4 Great Hikes on Kauai

Hawaii is hikers’ nirvana, with trails on every island for every level of hiking experience.

Hawaii is hikers’ nirvana, with trails on every island for every level of hiking experience, over multiple varieties of terra firma (and not-so-firma), showcasing every measure of our Islands’ world-renowned diversity of landscapes, climate zones and unsurpassed natural wonder.

Below you’ll find four great Kauai hikes, grouped by proficiency level, straight from the pages of HAWAII Magazine’s May/June 2014 Outdoors Issue feature “15 Great Hiking Trails.” We’ve already shared 6 Great Oahu Hikes and we’ll be sharing more on Maui and Hawaii Island in the coming days. Have fun out there and bring lots of water along!


Kuilau Ridge Trail

Wailua, Kauai

Distance: 4.5 miles, round-trip
Time: 2.5 hours
Terrain: Mountain ridge

↑ Many of Hawaii’s best hiking trails require far more mileage, difficulty and time to achieve the kind of scenic payoff the Kuilau Ridge Trail delivers on a relatively short, gentle trek even novice hikers can handle. Gradually ascending the east side of the Makaleha Mountains on the tracks of an old forest road, the trail opens up to views of perennially rain-soaked Mount Waialeale on clear days and, on all days, Mount Nounou—more famously known as “Sleeping Giant” for its ridgeline’s resemblance to a human figure in repose. The trail’s end is a wind-cooled ironwood grove with an awesome view of the Makaleha range’s highest peak, Kapehuaala, perfect for a picnic lunch before turning back. If time permits upon your return to the trailhead, wander the native and introduced flora of Keahua Arboretum or take a dip in the cool mountain-fed waters of Keahua Stream.

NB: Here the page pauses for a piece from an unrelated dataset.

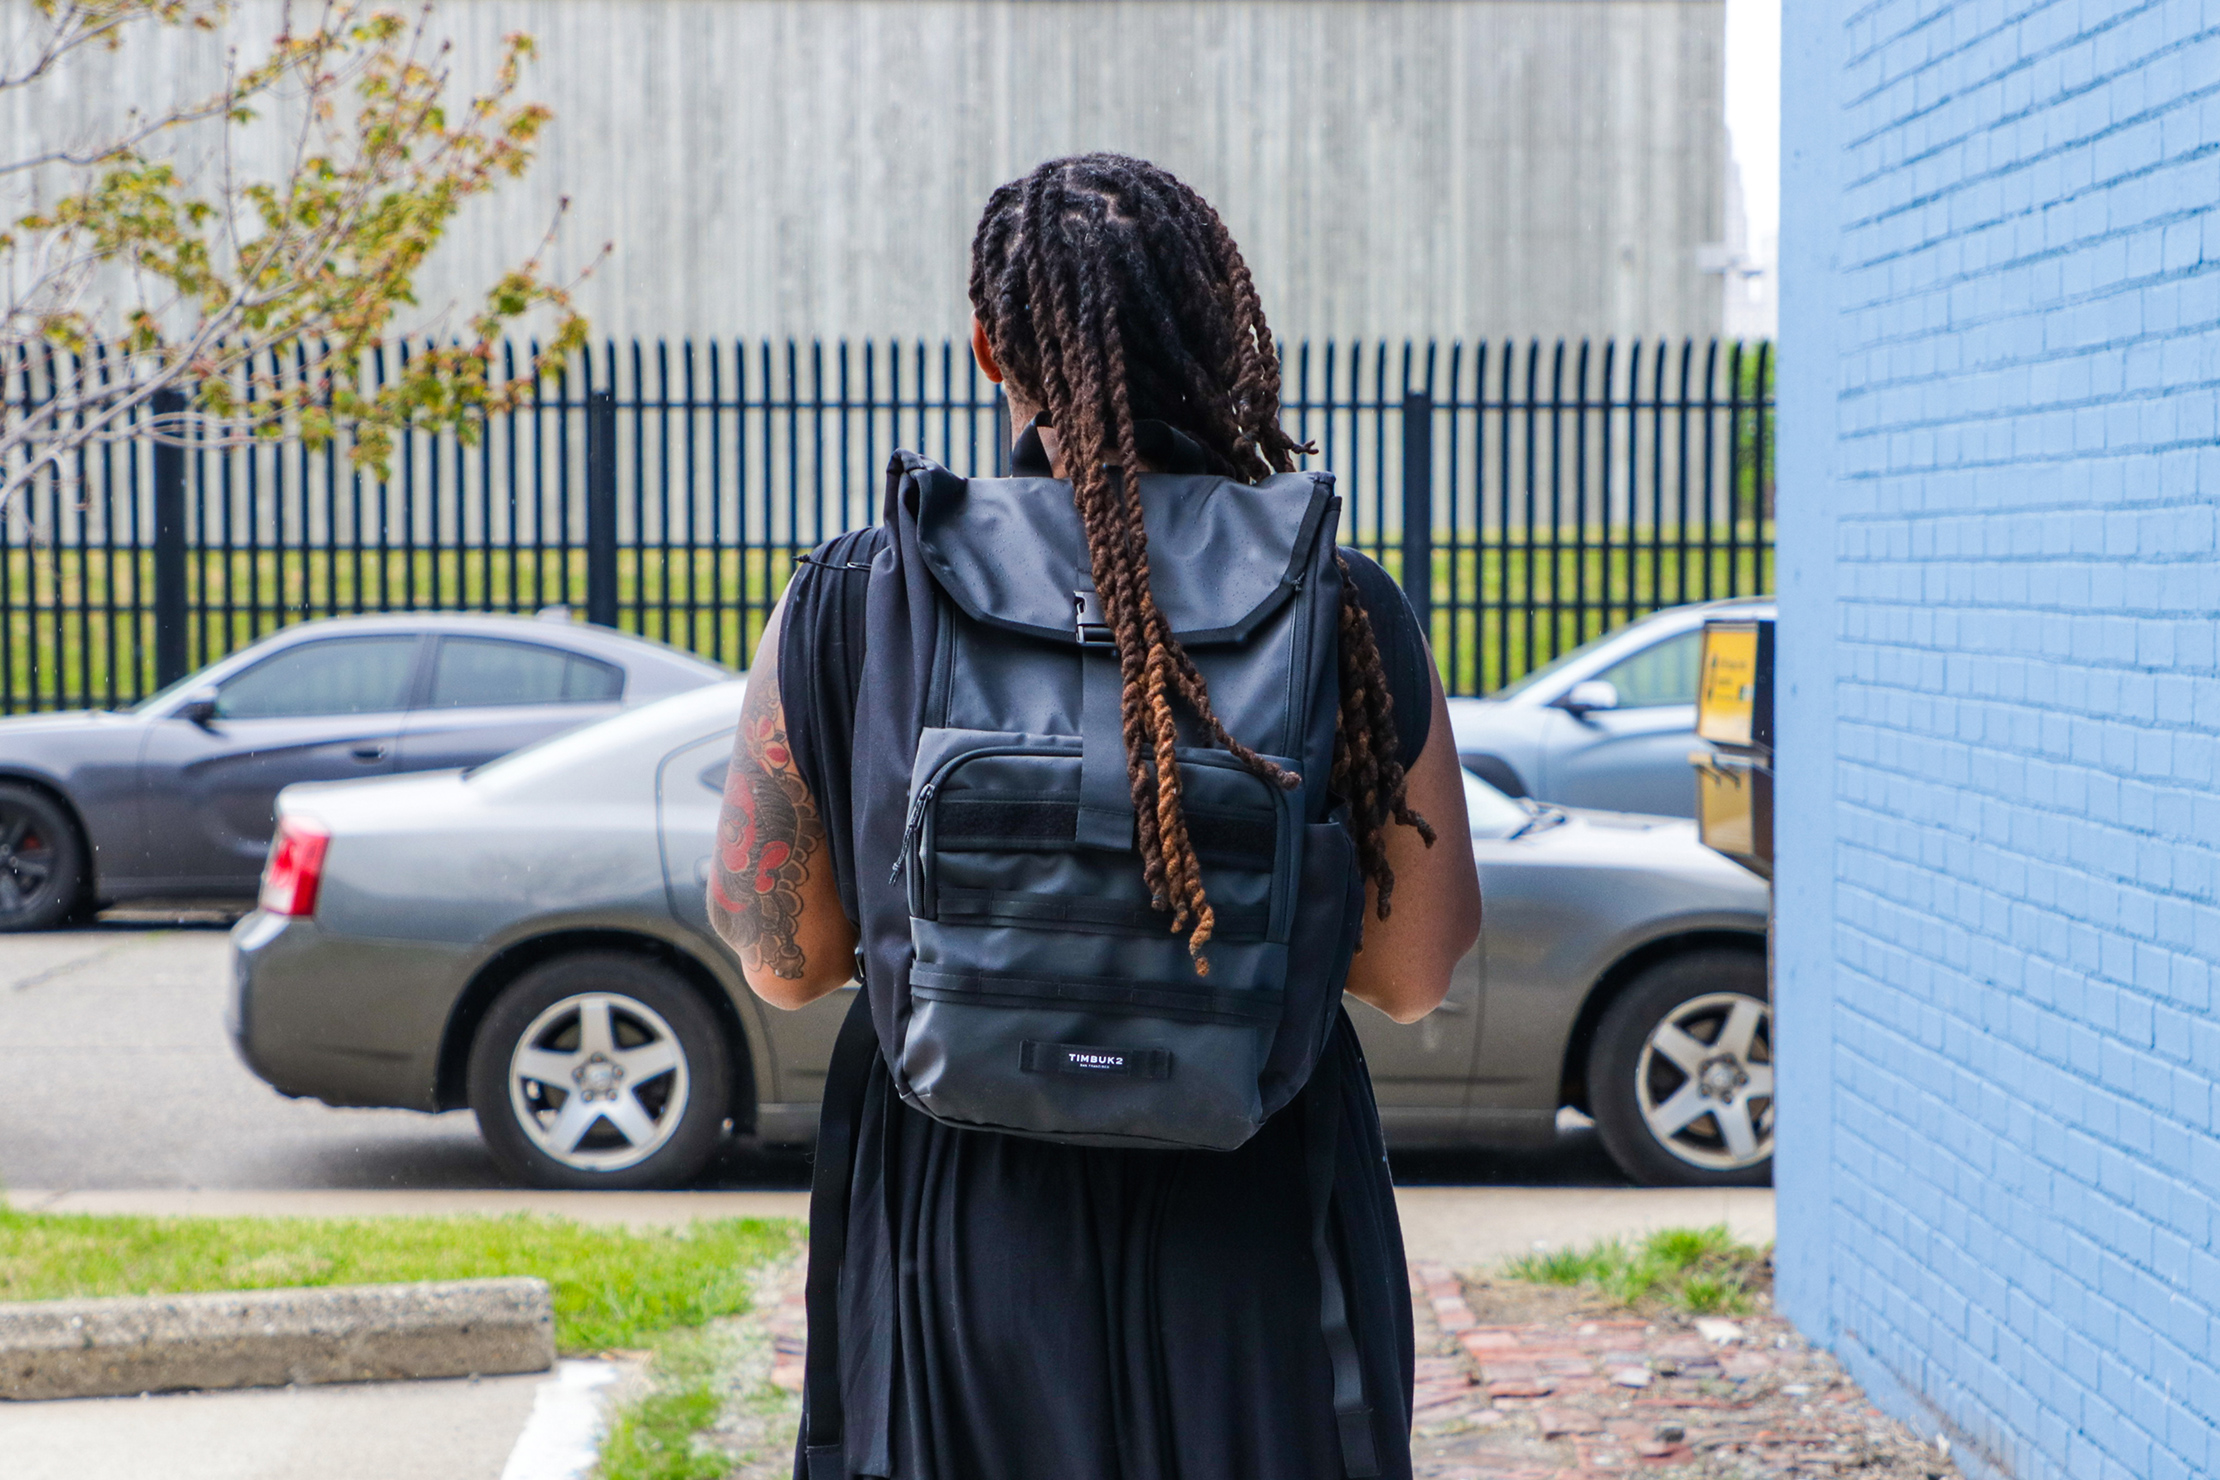 Timbuk2 Spire Laptop Backpack 2.0 in Detroit

TRAILHEAD: End of Kuamoo Road at Keahua Arboretum

Hanakapiai  Falls Trail

Napali Coast, Kauai

Distance: 8 miles, round-trip
Time: Up to 12 hours
Terrain: Coastal; forest canopy

→ The best thing about this hike is the opportunity to squeeze a Napali Coast hike into a single day while still getting a taste of the scenic grandeur of the multi-day Kalalau Trail (see “Experts Only!”). Just make sure you start early. The first two miles of the trail actually is the Kalalau Trail, before taking a turn inland at Hanakapiai Beach. The hike is best in the summer when the beach’s beautiful white sand is intact (it disappears during winter wave season leaving a rocky shoreline) and Hanakapiai Stream is less swollen with water and easier to ford. (Do not try to cross the stream if the water level is high and the current is swift.) The hike into the valley forest is a muddy one but the payoff is a sight to behold: verdant cliff faces soaring more than 2,000 feet and 300-foot Hanakapiai Falls.

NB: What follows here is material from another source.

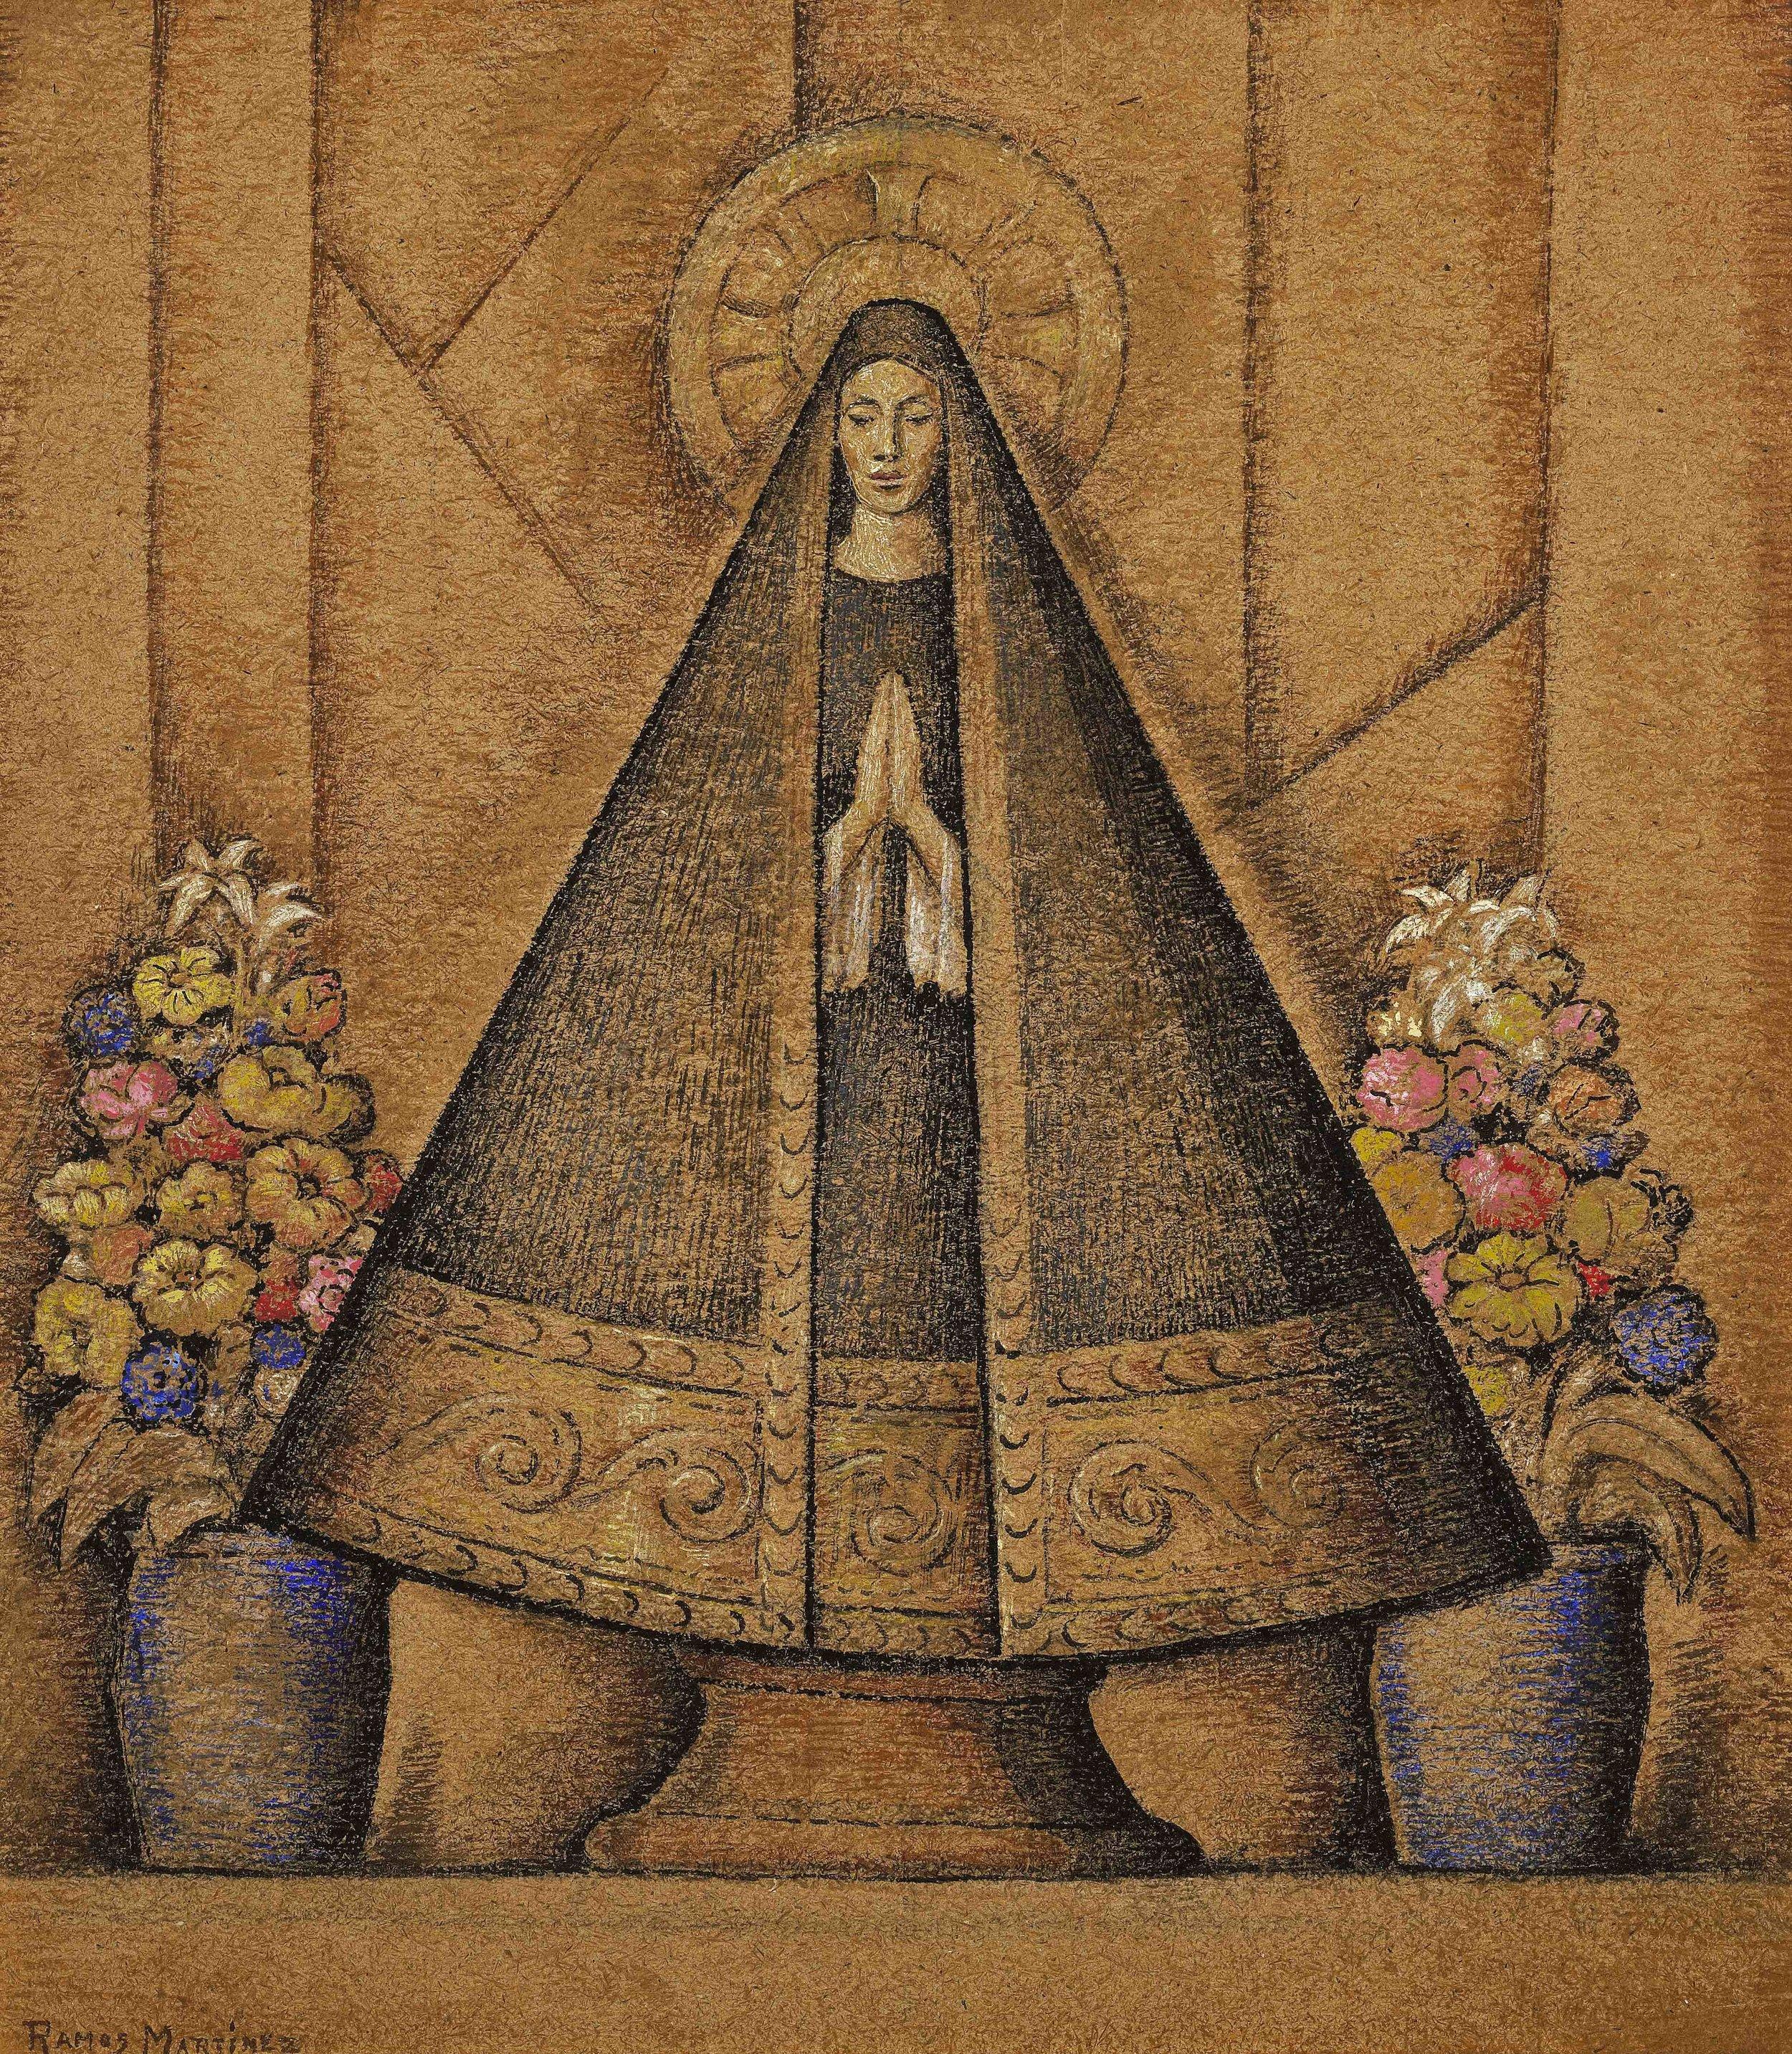 La Virgen de San Juan / Virgin of San Juan  ca. 1940 oil on pressed board / óleo sobre tabla comprimida 29.3 x 26.3 inches; 74.3 x 66.7 centímetros Santa Barbara Museum of Art

TRAILHEAD: End of Kuhio Highway (Route 560) at Kee Beach

The Kuilau Ridge Trail. Photo: Kicka Witte.


Awaawapuhi Trail

Kokee State Park, Kauai

Distance: 6.5 miles, round-trip
Time: 3 to 5 hours
Terrain: Forest canopy

↑ The payoff at the end of this descending trail meandering through a wind- and mist-chilled forest canopy at the top of a Napali coast cliff face is a view, from 2,500 feet above sea level, straight down into depths of narrow Awaawapuhi and Nualolo Valleys and the blue Pacific Ocean beyond. The elevation gain of 1,600 feet on the return trip gives the trail its “Medium Cool!” difficulty rating. But take some time on the way back to spot the dozens of species of endemic Hawaii rainforest and dry-land flora (identified in a trail guide available at the Kokee State Park visitor center). Though tempting, do not attempt to traverse the sheer ridge beyond the safety railing at the end of the trail to get a better view. The drop from the ridge’s end to the valley floor? More than 2,000-feet straight down.

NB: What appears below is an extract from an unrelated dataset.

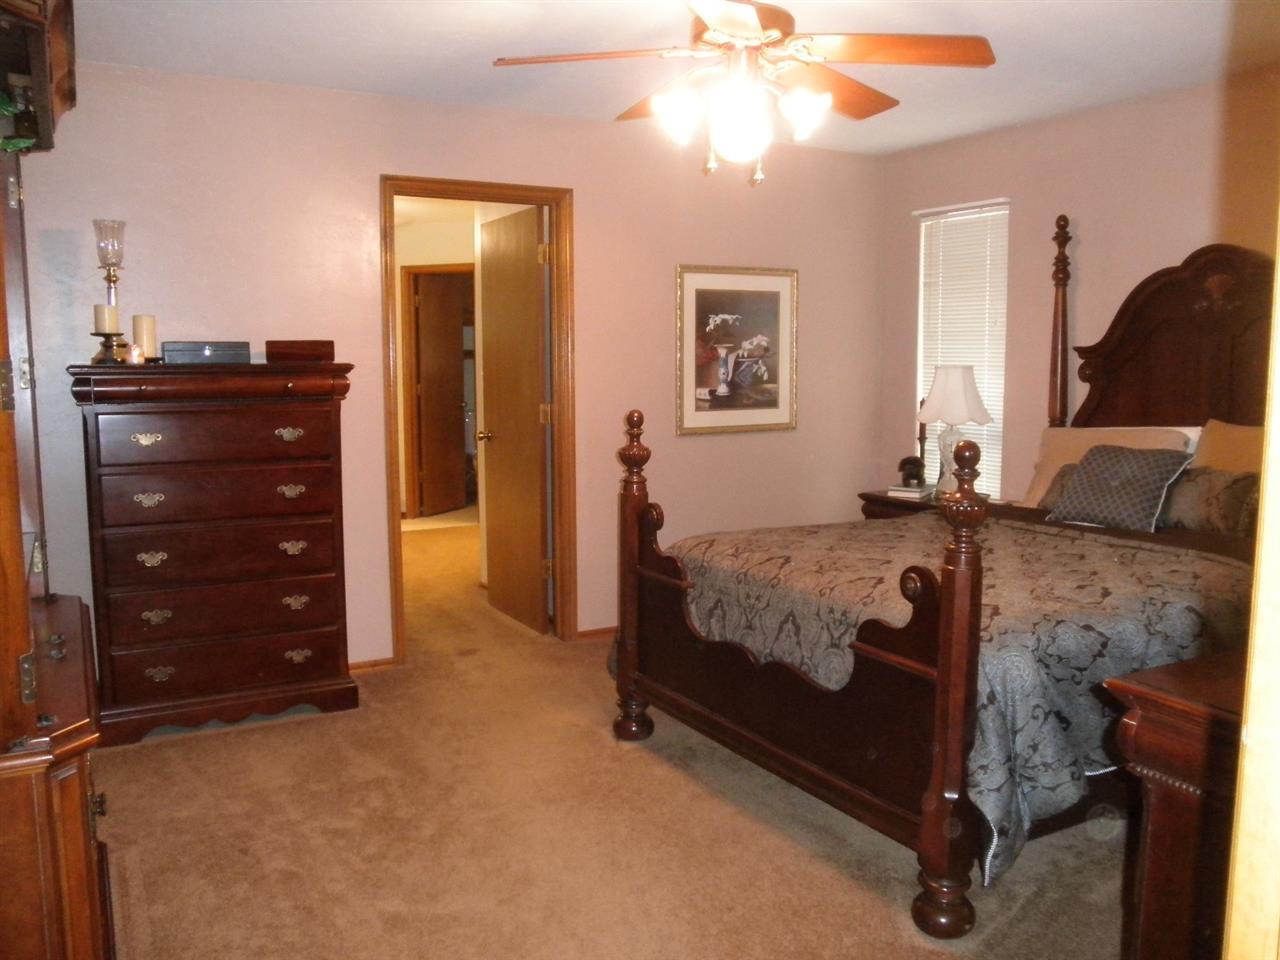 Sold Intraoffice W/MLS | 2800 Green Meadow Ponca City, OK 74604 12

TRAILHEAD: Off Kokee Road (Route 55) in Kokee State Park, just after mile marker 17


Kalalau Trail

Napali Coast, Kauai

Distance: 22 miles, round-trip
Time: Overnight; at least two days
Terrain: Coastal

→ The most popular back-packing trail in Hawaii, Kalalau also offers the only way to explore the breathtaking Napali Coast by land. Snaking high on the coast’s sea cliffs, back down to sea level as it crosses Hanakapiai Beach and passing five valleys on its run from end-of-highway Kee Beach to end-of-trail Kalalau Beach and Valley, the trail demands much of those who trek it. Required: at least two days—one to hike in, one to hike out; a tent, sleeping bag and enough food and freshwater for your stay; and a camping permit from the Division of State Parks (hawaiistateparks.org). Oh, and wicked stamina. Stay a couple of nights and you’ll have a day to explore Kalalau Valley, surrounded by lush, fluted cliffs more than 2,000 feet high.